Allegiant stops service at Gary airport

2013-05-24T20:30:00Z 2013-05-25T12:28:04Z Allegiant stops service at Gary airportKeith Benman keith.benman@nwi.com, (219) 933-3326 nwitimes.com

GARY | Allegiant will discontinue air service in August, officials at the Gary/Chicago International Airport Authority announced late Friday.

However, the company remains open to discussing future opportunities a the airport, officials stated in a news release.

Gary Mayor Karen Freeman-Wilson said the airport's large-scale runway expansion project and a potential public-private partnership have accelerated discussions with other airlines.

"From the runway expansion to the P3 exploration, big competitive changes are happening at the airport," Freeman-Wilson was quoted as saying. "As a consequence, the airline industry is taking notice and other airlines are expressing an interest in Gary."

In a May 17 letter to the airport, Allegiant said it anticipates Aug. 10 being its last scheduled flight between Gary/Chicago International Airport and Orlando Sanford International Airport.

Allegiant opened service at the airport Feb. 15, 2012.

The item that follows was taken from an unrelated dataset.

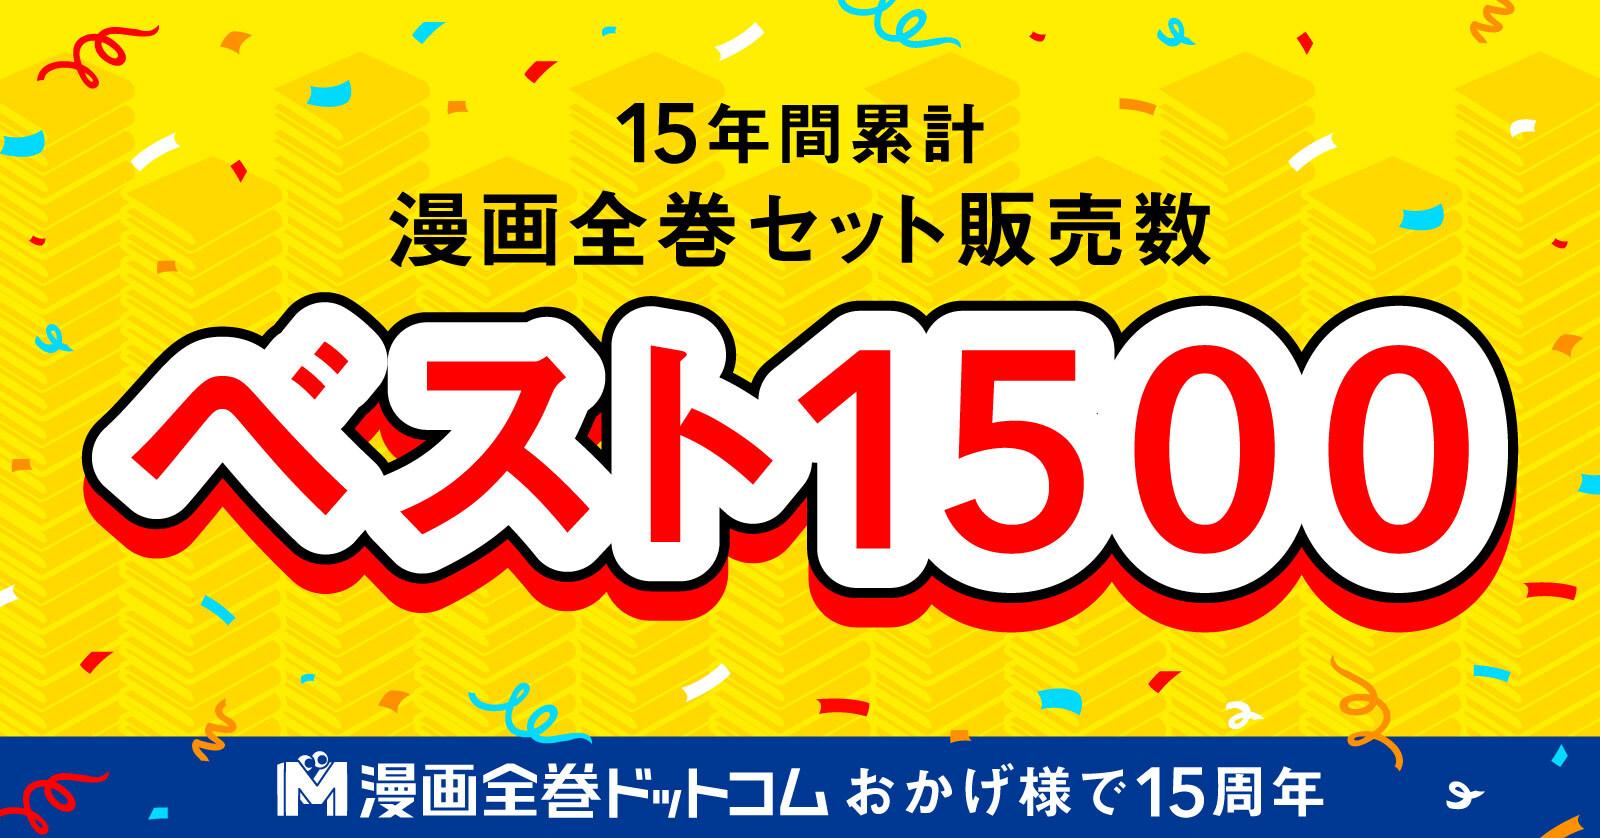 漫画全巻ドットコム 15 年間累計販売セット数ベスト 1500
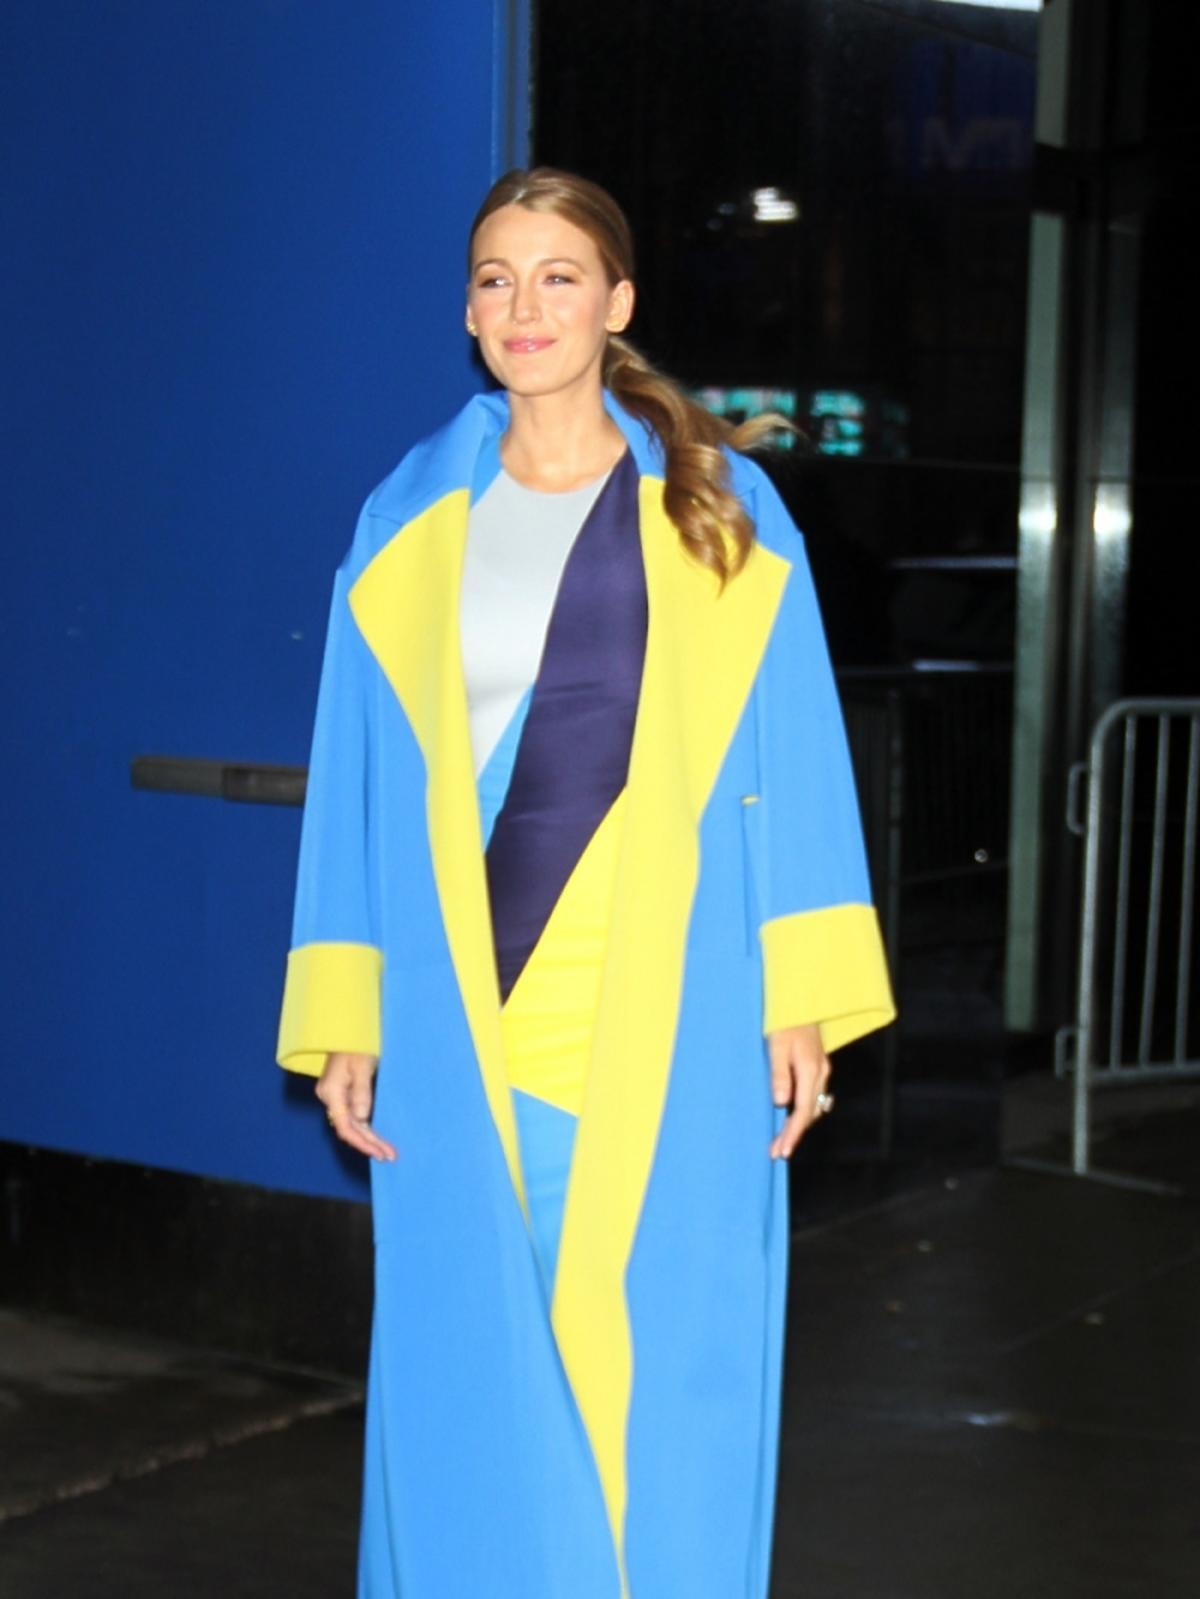 Blake Lively w kolorowym płaszczu

Beginning June 5, weekly flight service will switch to Wednesdays and Saturdays with one-way flights starting at $70.

The announcement comes at a time the airport authority is making plans to move ahead with the largest borrowing in its history, with a bonding resolution being readied for its June 10 meeting.

A joint city/airport committee seeking to land a public-private partnership for the airport was told Friday the airport needs to raise $34 million to pay some of the last bills on its $166 million expansion project, as well as some needed repairs to an airport runway and taxiways.

The committee resolved to recommend the airport issue tax-exempt municipal bonds to raise the money, something that will place some limits on private uses of the airport in the future.

"In a perfect world, we would have no limitations on public-private partnership agreements, but we know there will be some limitations," bonding attorney Rich Hill told the committee.

Once the airport authority has issued the tax-exempt bonds, which carry a lower interest rate than taxable bonds, the airport has to treat all users of the airport the same. For example, it could not grant special incentives or discounts to one airline and not another.

In addition to the $34 million raised with the bonding, the airport will most likely need to set aside as a lending reserve some of the more than $20 million currently held in the Airport Development Zone fund, financial consultant Phoebe Selden told the committee.

The Airport Development Zone is a huge tax increment financing district that takes in a large swath of Gary's west end. A portion of property taxes collected there is diverted into the Airport Development Zone fund twice a year. Tax rates there are no higher than they are in the rest of the city.

The joint city/airport committee also set a date of Sept. 6 for making a final recommendation to the airport authority for a private partner to invest a minimum of $100 million in the airport.

The committee hopes the airport authority could act three days later on their recommendation.

Next month, the public-private partnership committee will start to learn how much interest there is among investors in partnering with the airport. At its June 6 meeting, the committee plans to get together an invitation to investors by which they can express interest in the public-private partnership.

A legal notice will be issued Monday to apprise contractors and others of the airport's intent to solicit for a public-private partnership.